### Task requirements
Take the line with "1/10 GULDEN 1959" as the first and the last line of the data as the end. Write out both and every line between exactly, except pictures.

-- Data follows --

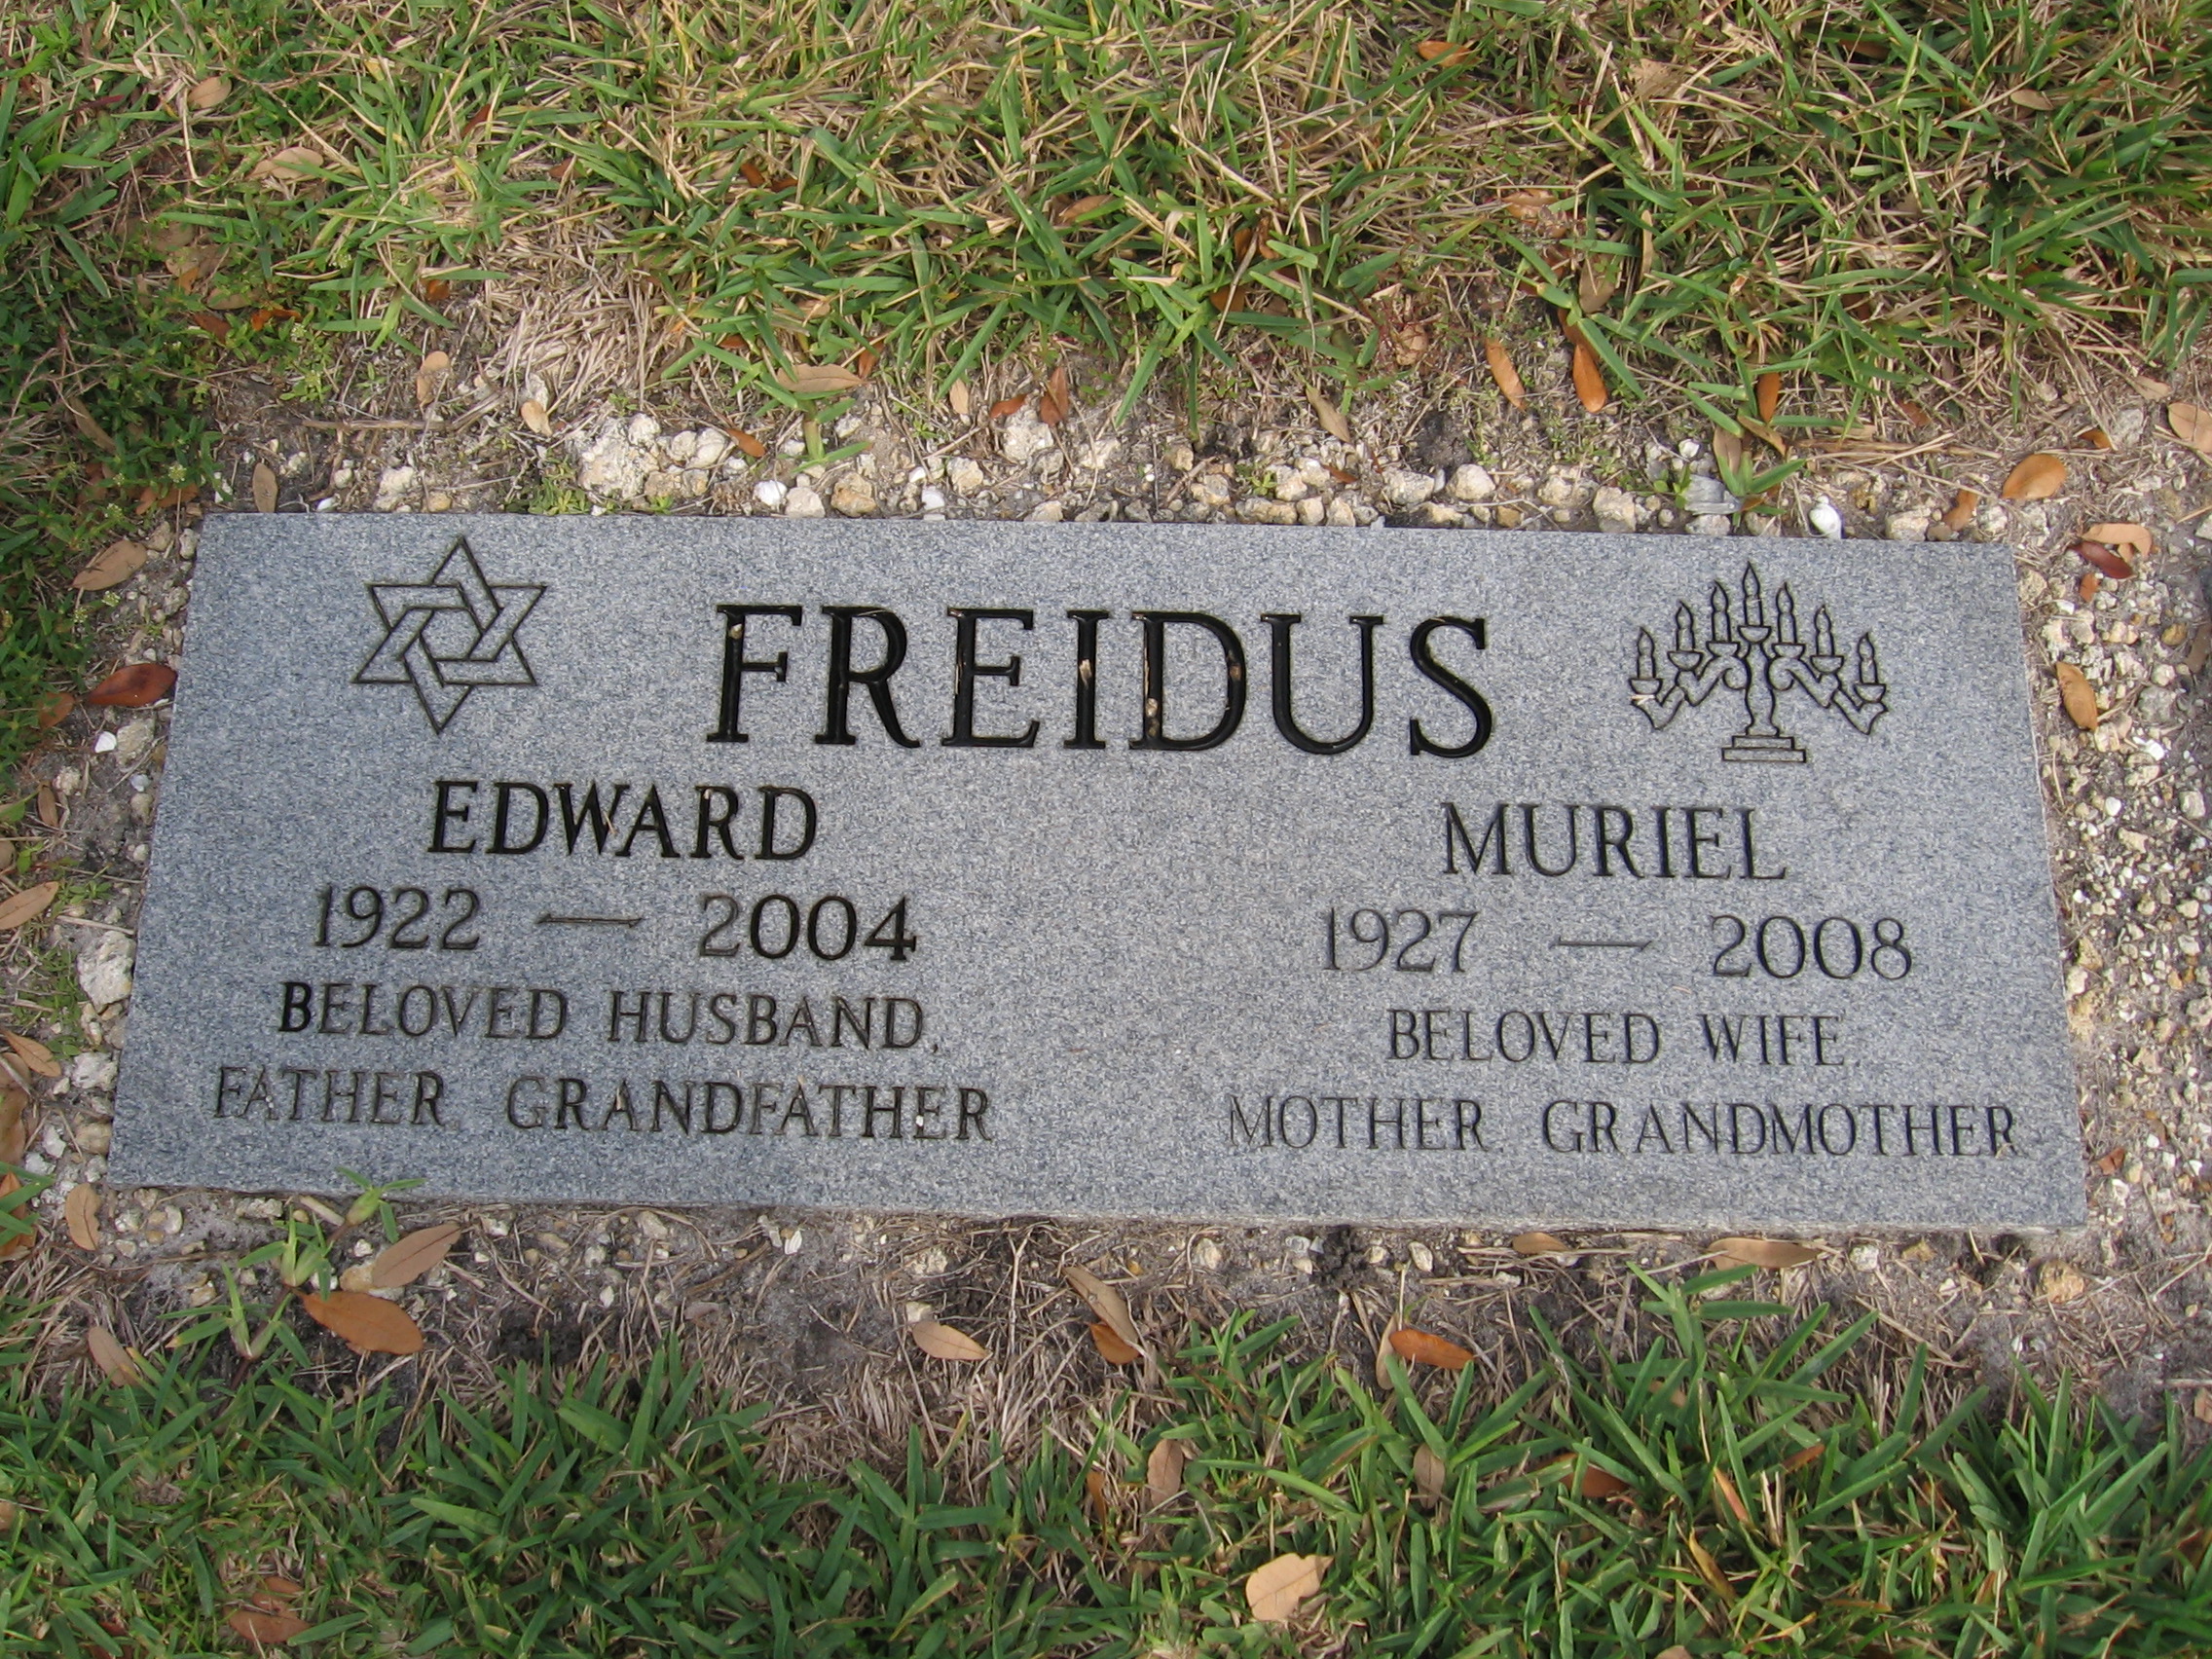 Edward Freidus
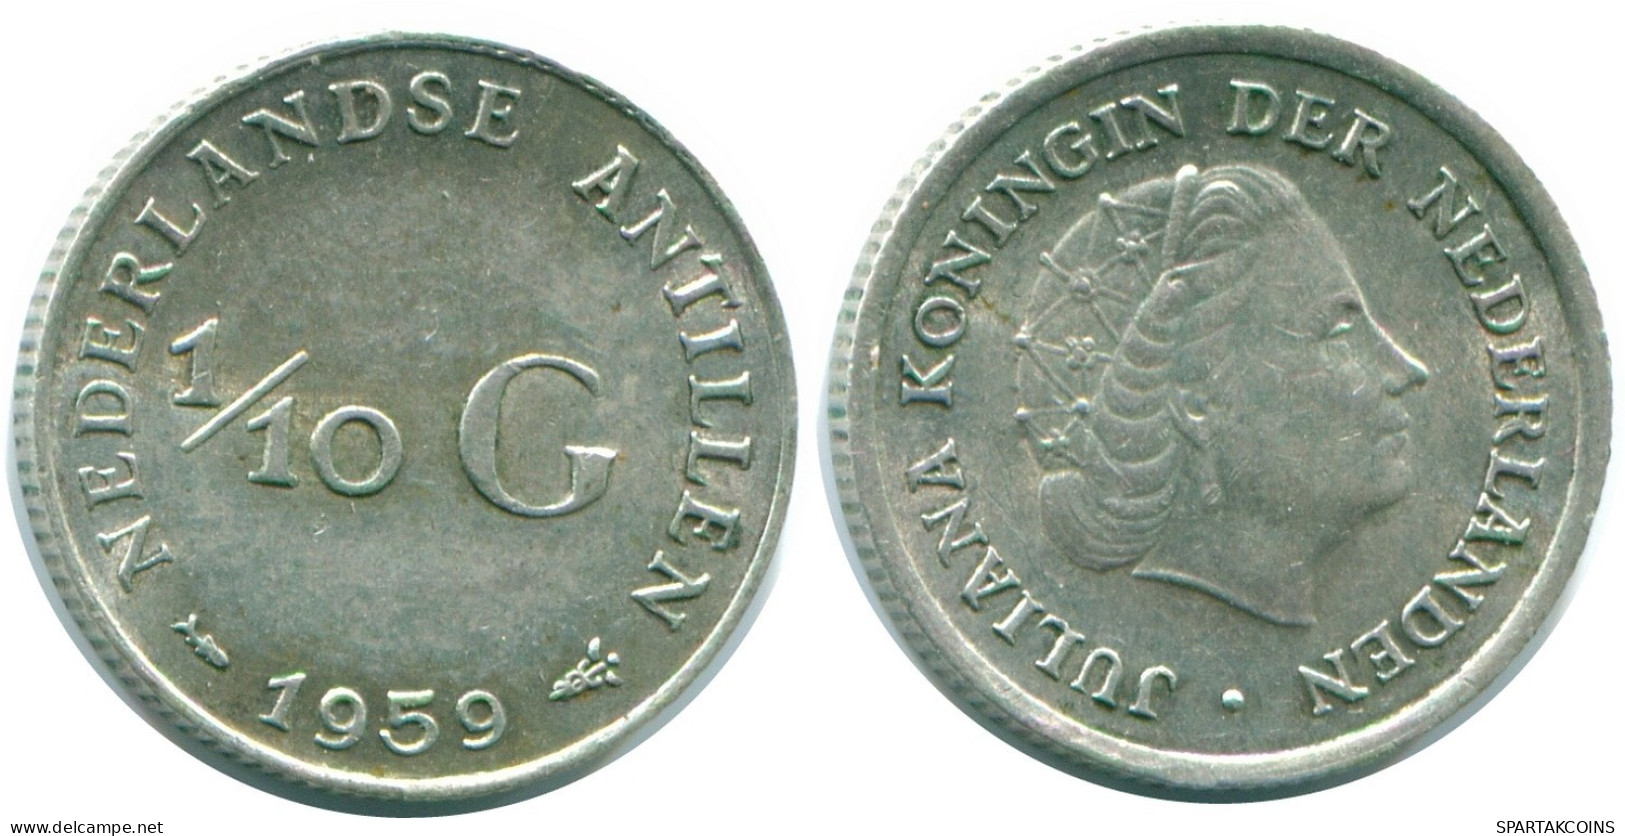 1/10 GULDEN 1959 NIEDERLÄNDISCHE ANTILLEN SILBER Koloniale Münze #NL12198.3.D.A - Antilles Néerlandaises
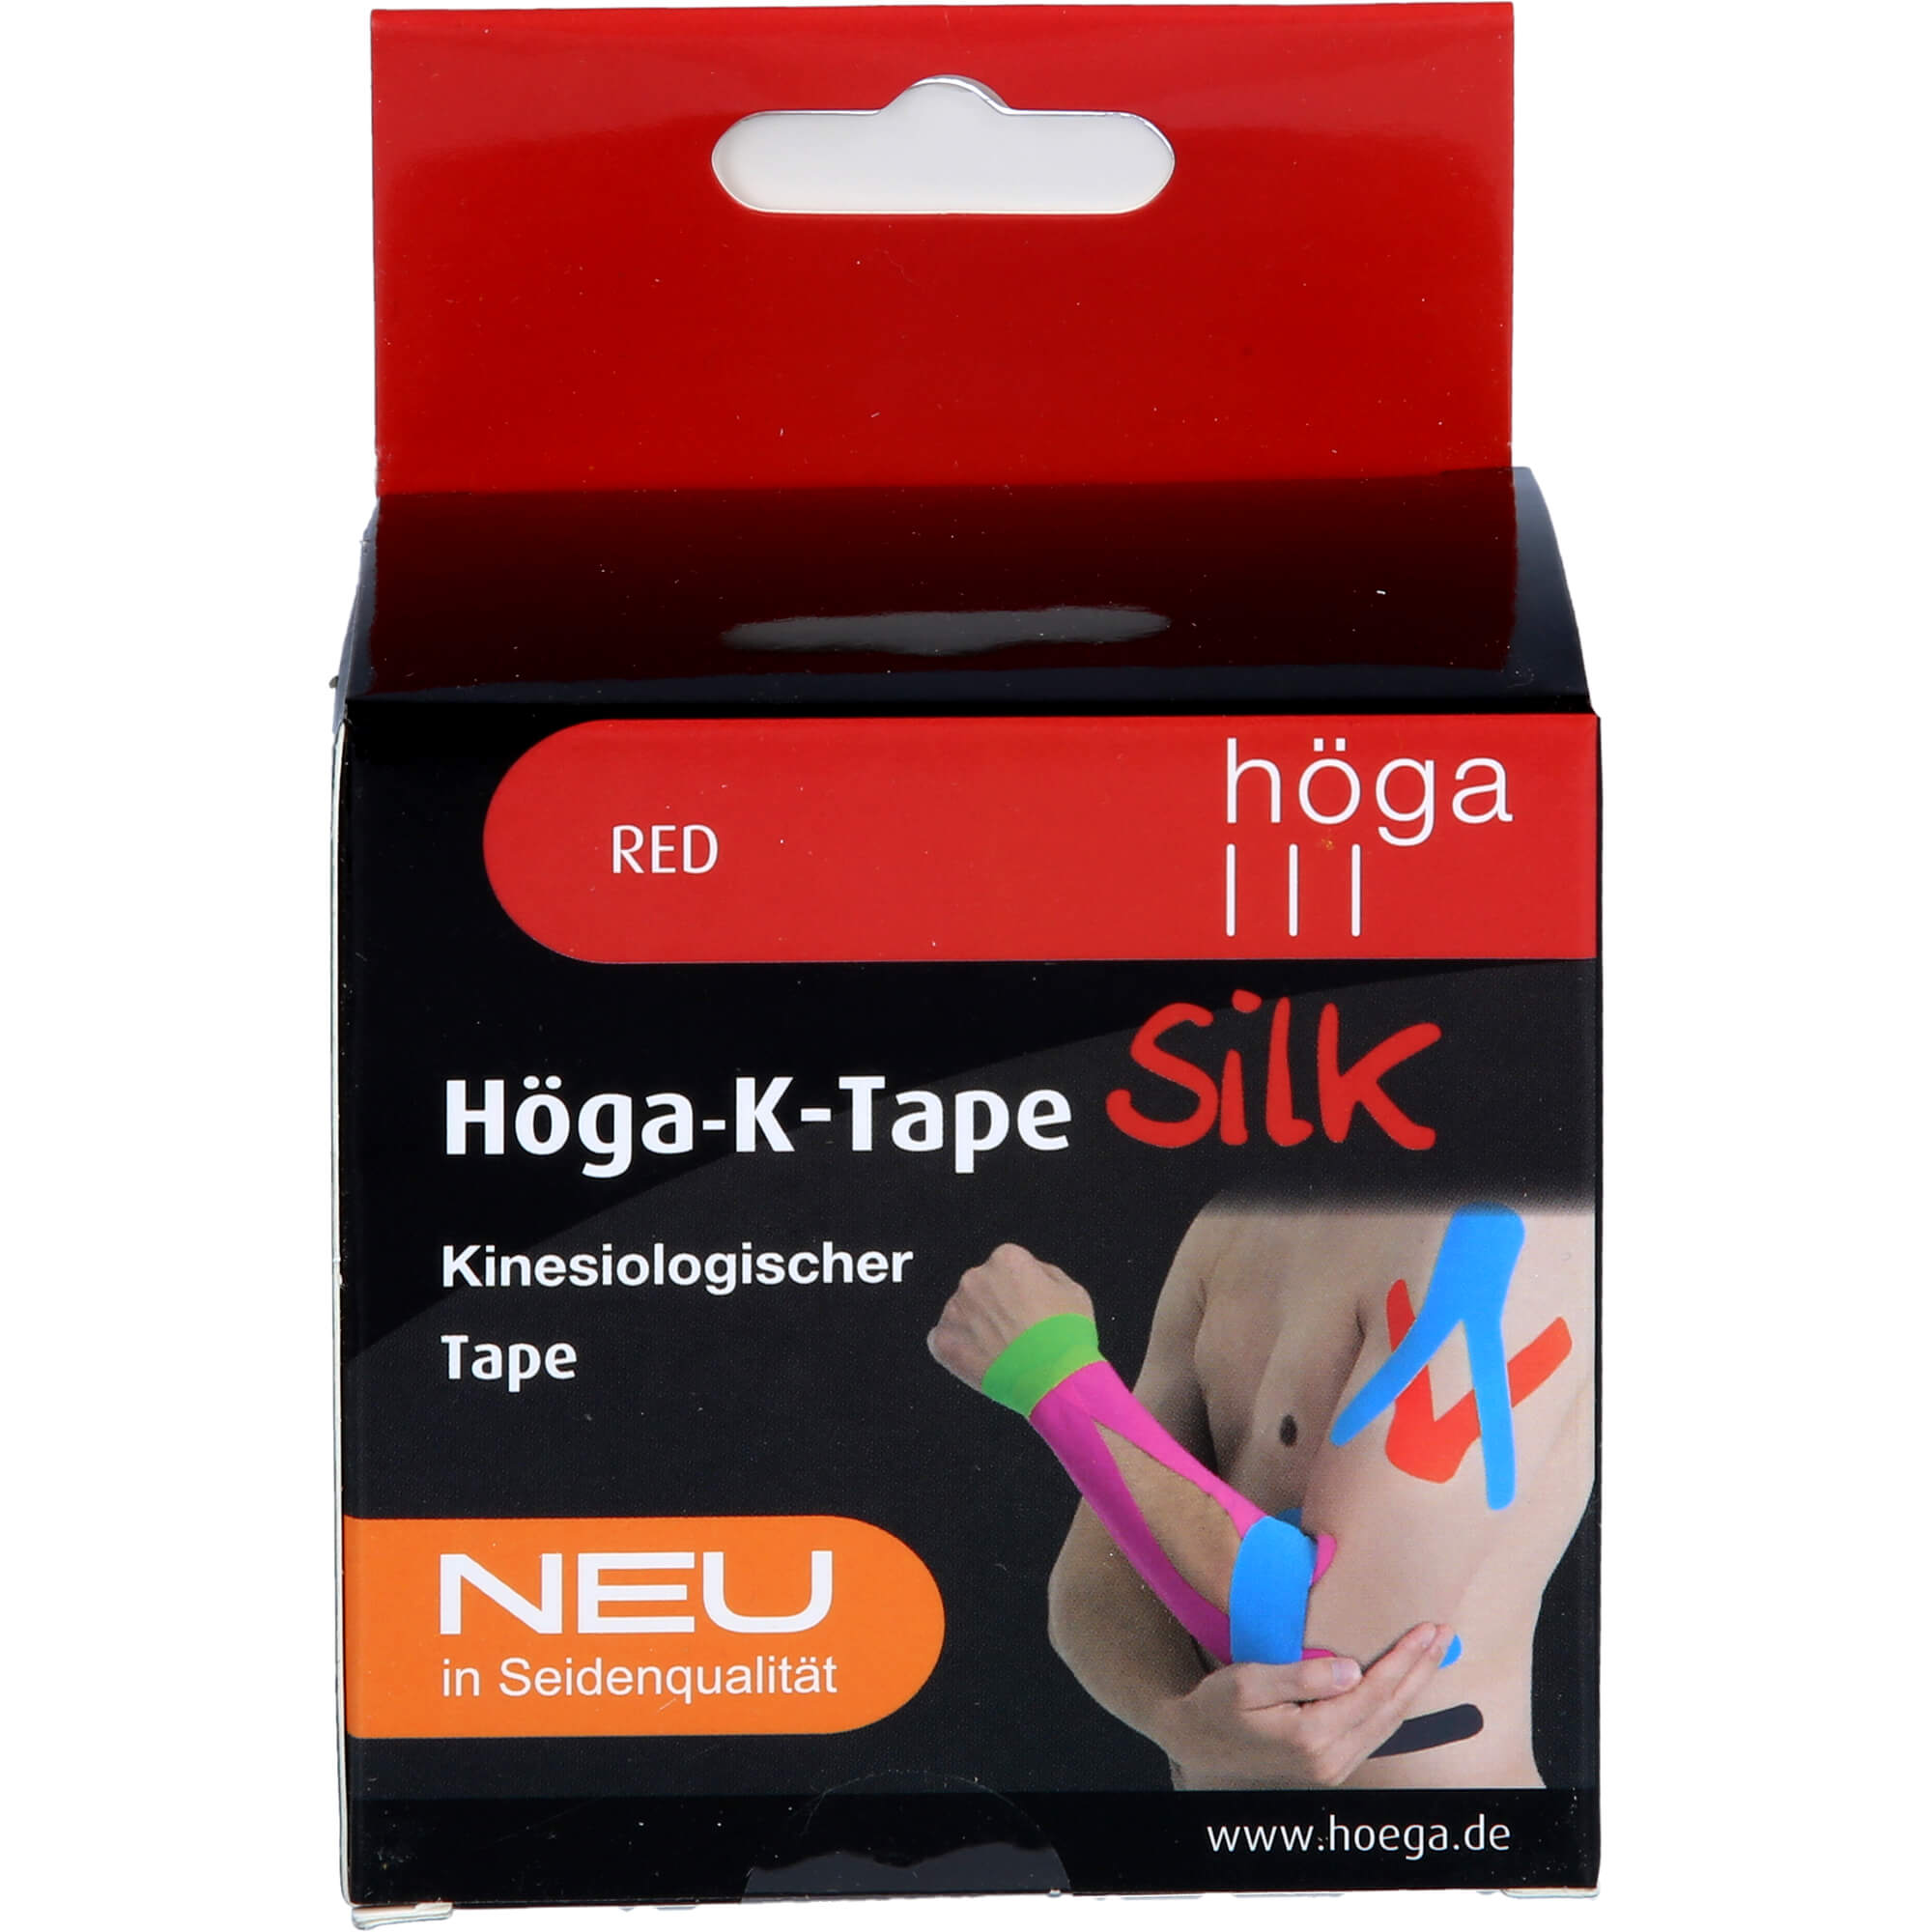 HÖGA-K-TAPE Silk 5 cmx5 m l.fr.red kinesiol.Tape

-- Data concluded --

### Problem solution
 1/10 GULDEN 1959 NIEDERLÄNDISCHE ANTILLEN SILBER Koloniale Münze #NL12198.3.D.A - Antilles Néerlandaises
 HÖGA-K-TAPE Silk 5 cmx5 m l.fr.red kinesiol.Tape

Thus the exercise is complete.